Work task: Leave the pictures behind and reproduce every line of the listing exactly.

───── Dataset extract

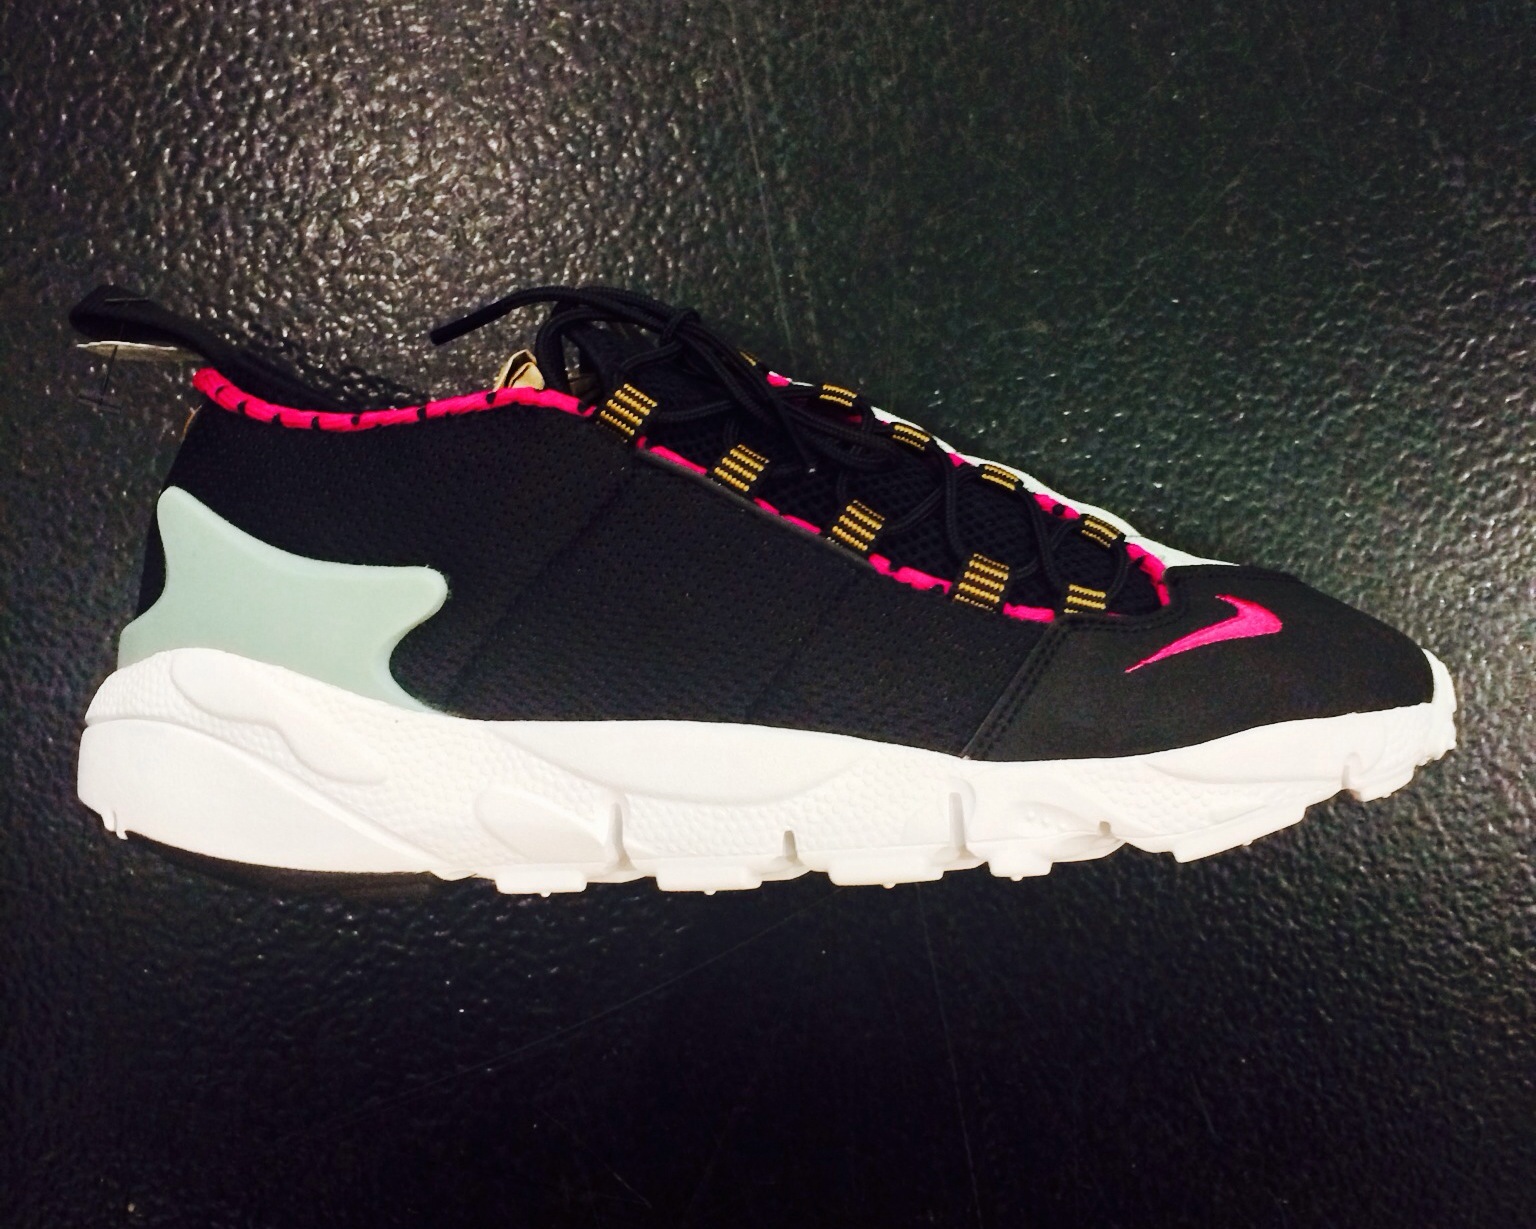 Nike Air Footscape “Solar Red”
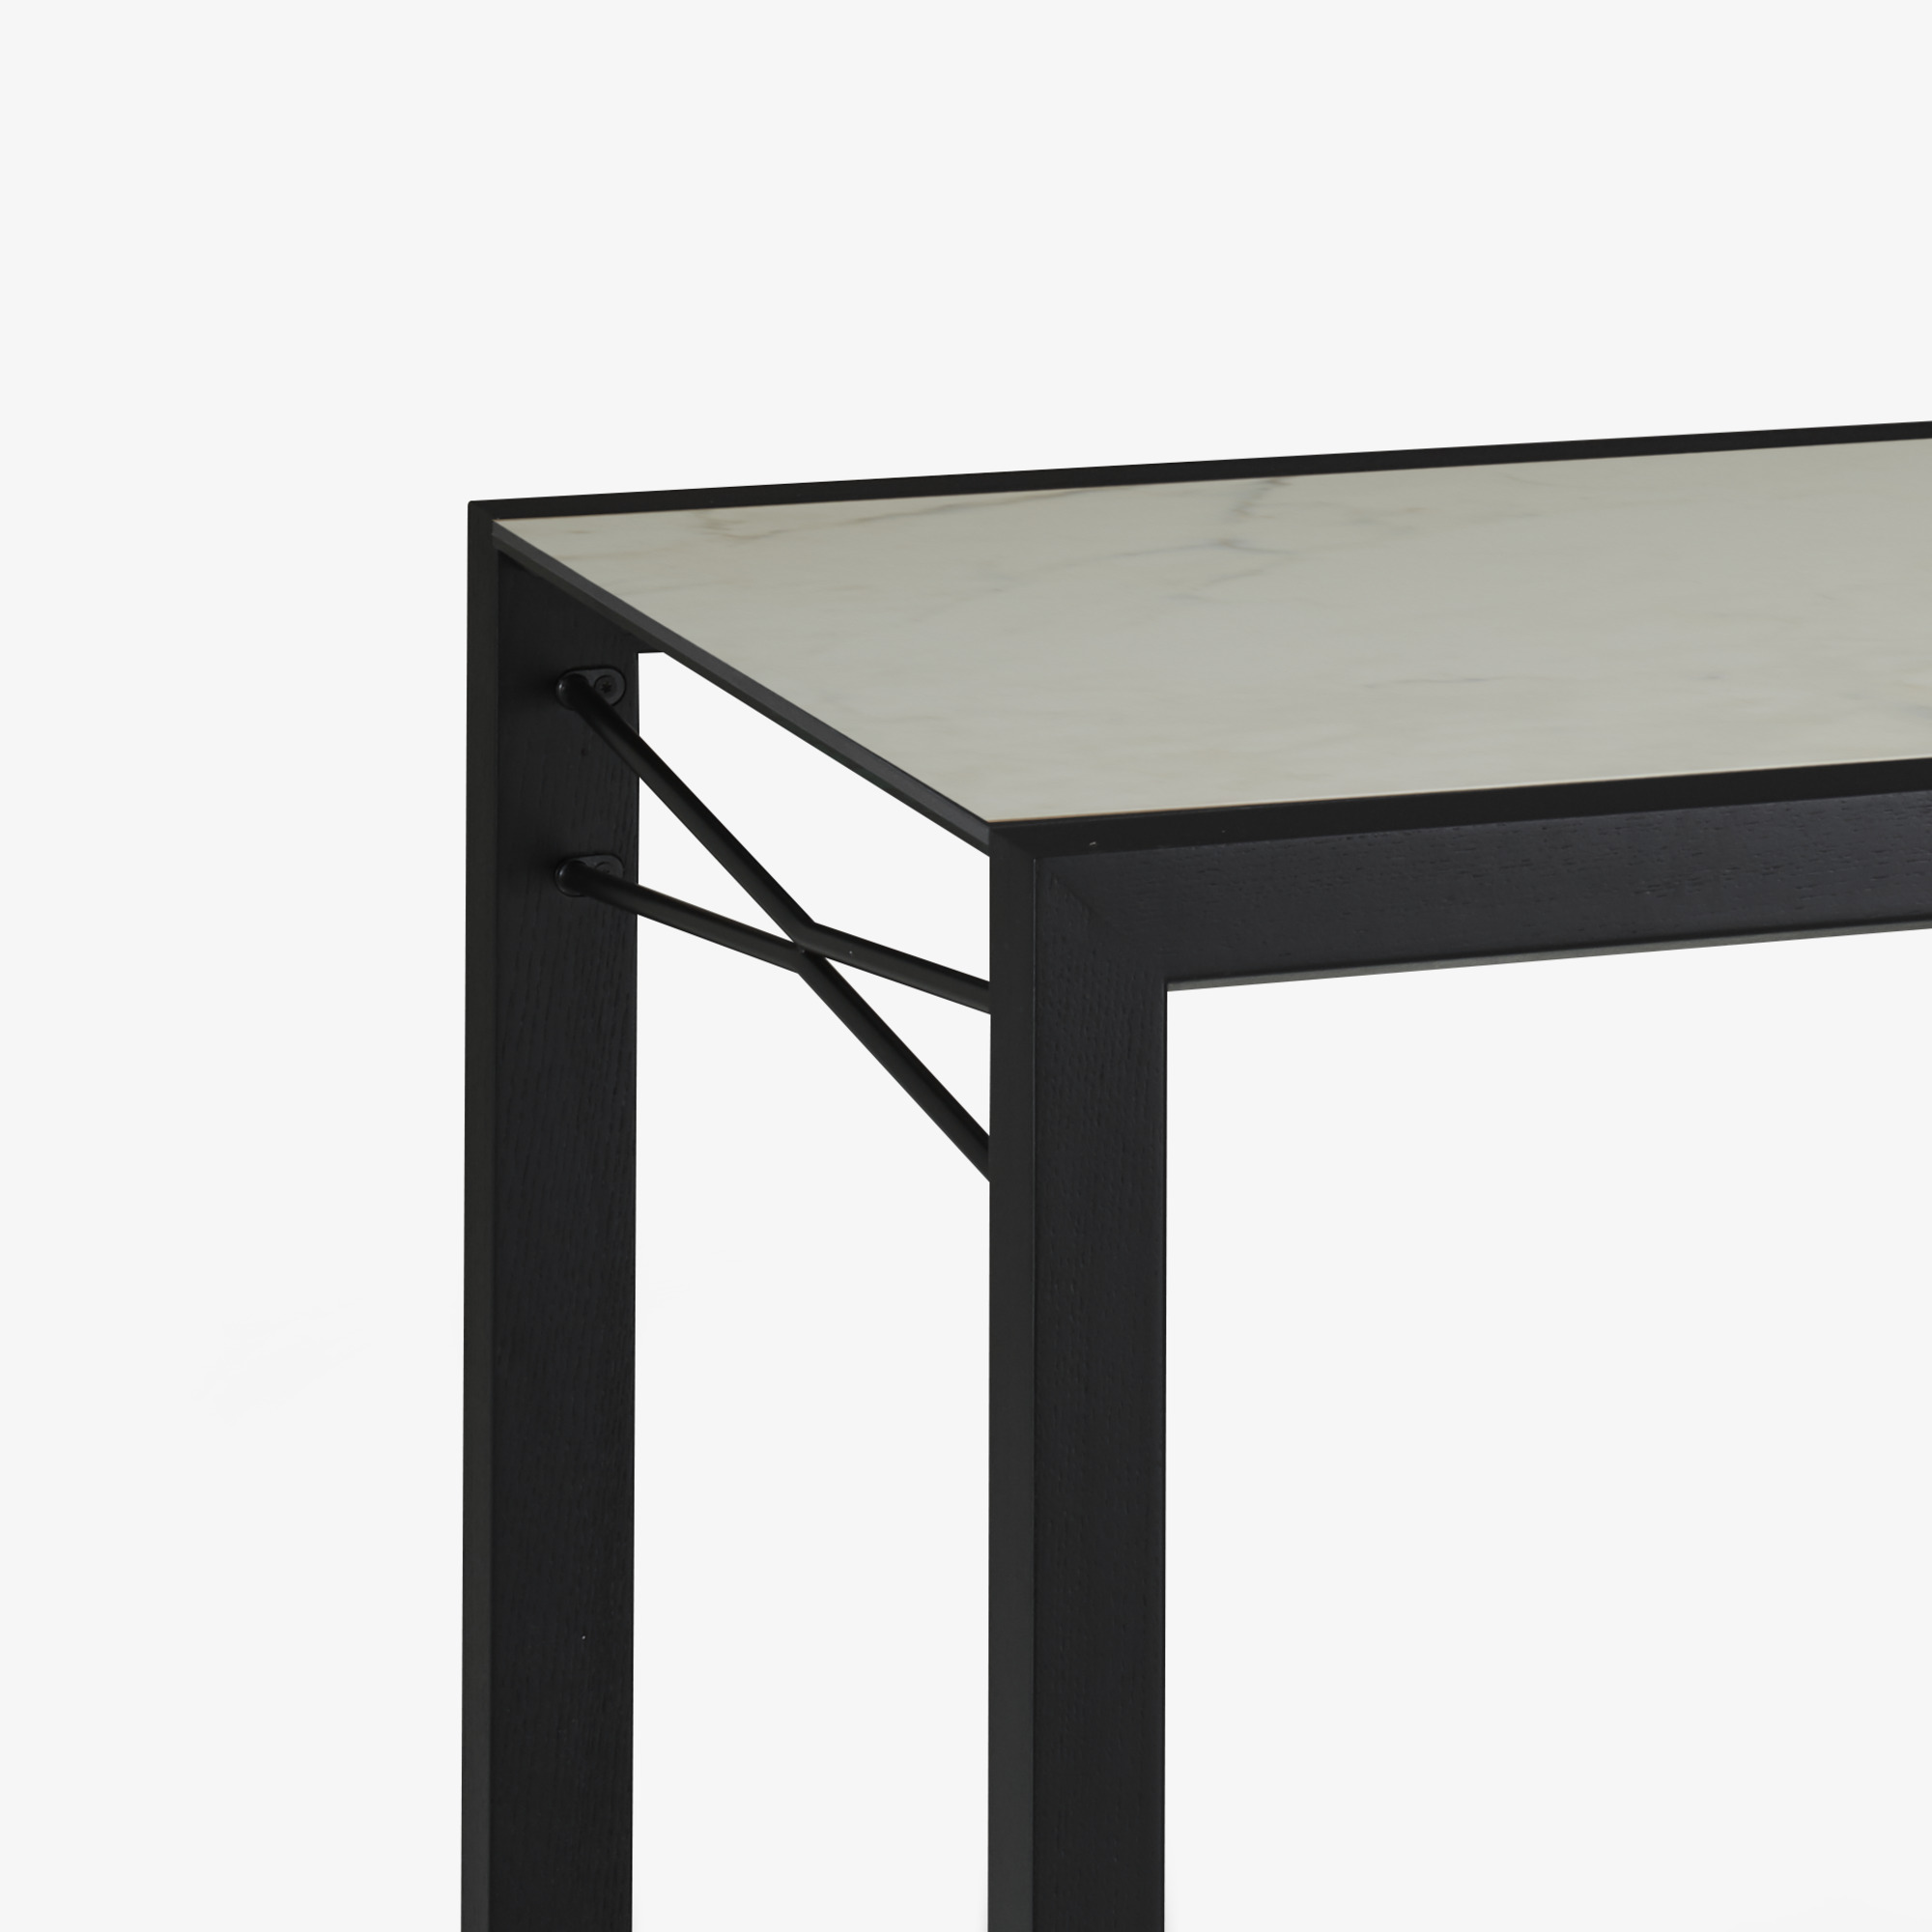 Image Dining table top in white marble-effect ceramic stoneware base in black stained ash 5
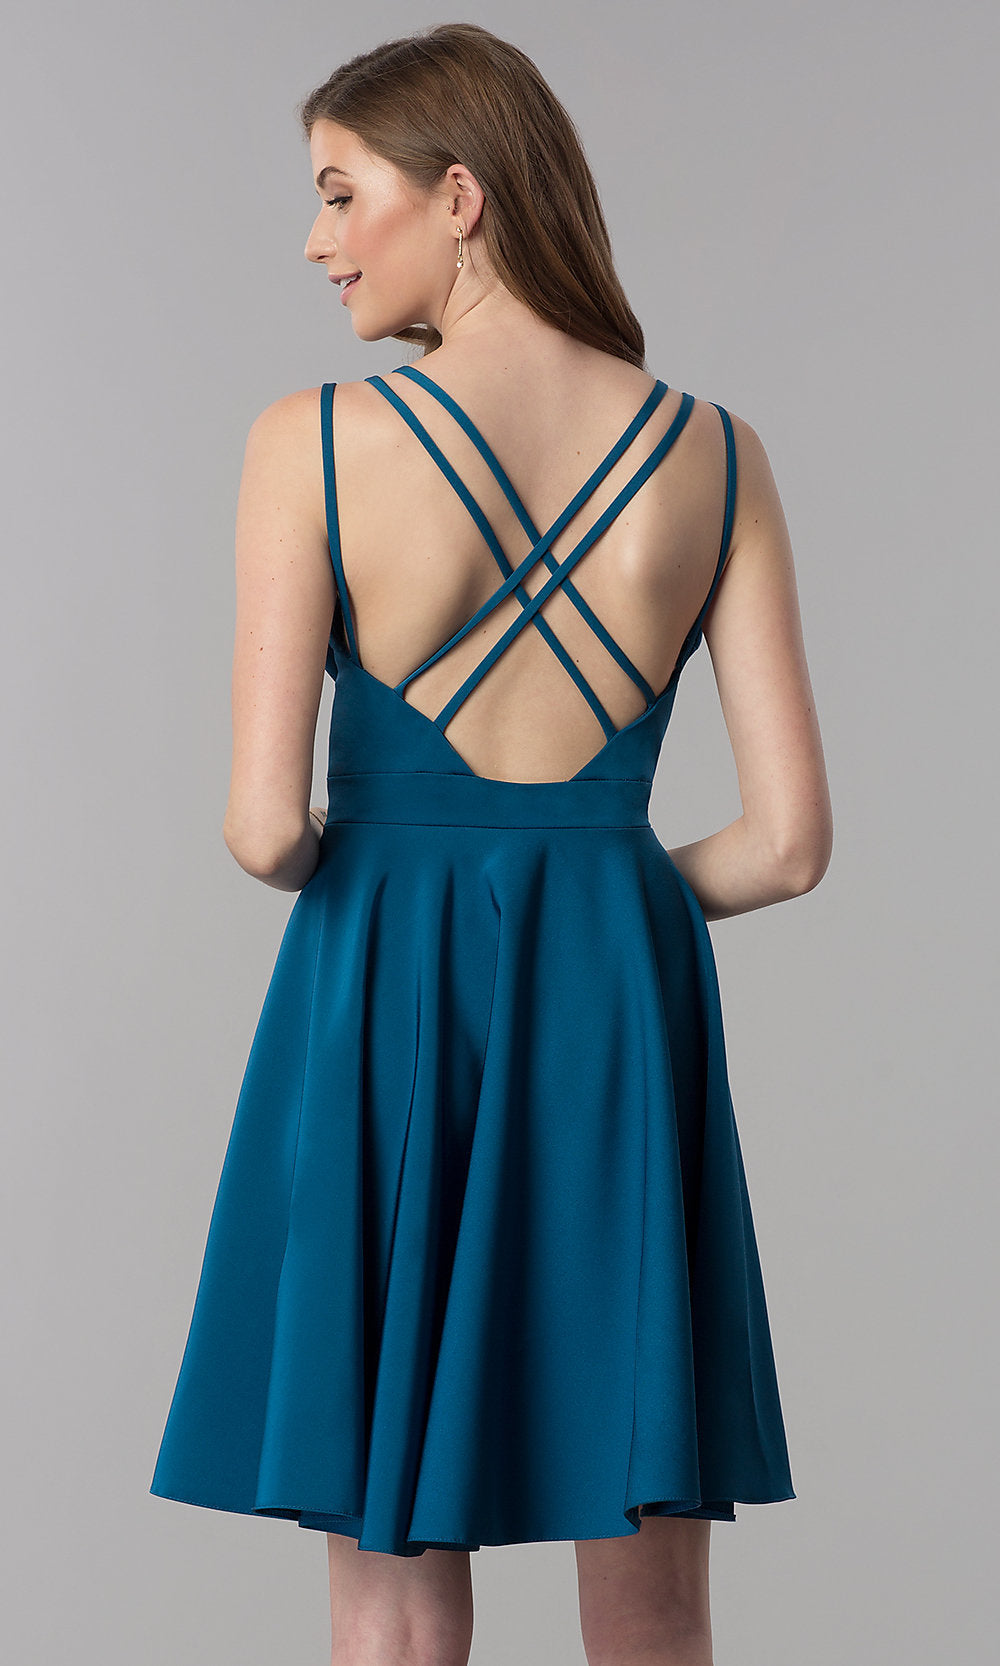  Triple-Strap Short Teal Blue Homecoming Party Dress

──────────

The answer:
 Nike Air Footscape “Solar Red”
 Image Dining table top in white marble-effect ceramic stoneware base in black stained ash 5
  Triple-Strap Short Teal Blue Homecoming Party Dress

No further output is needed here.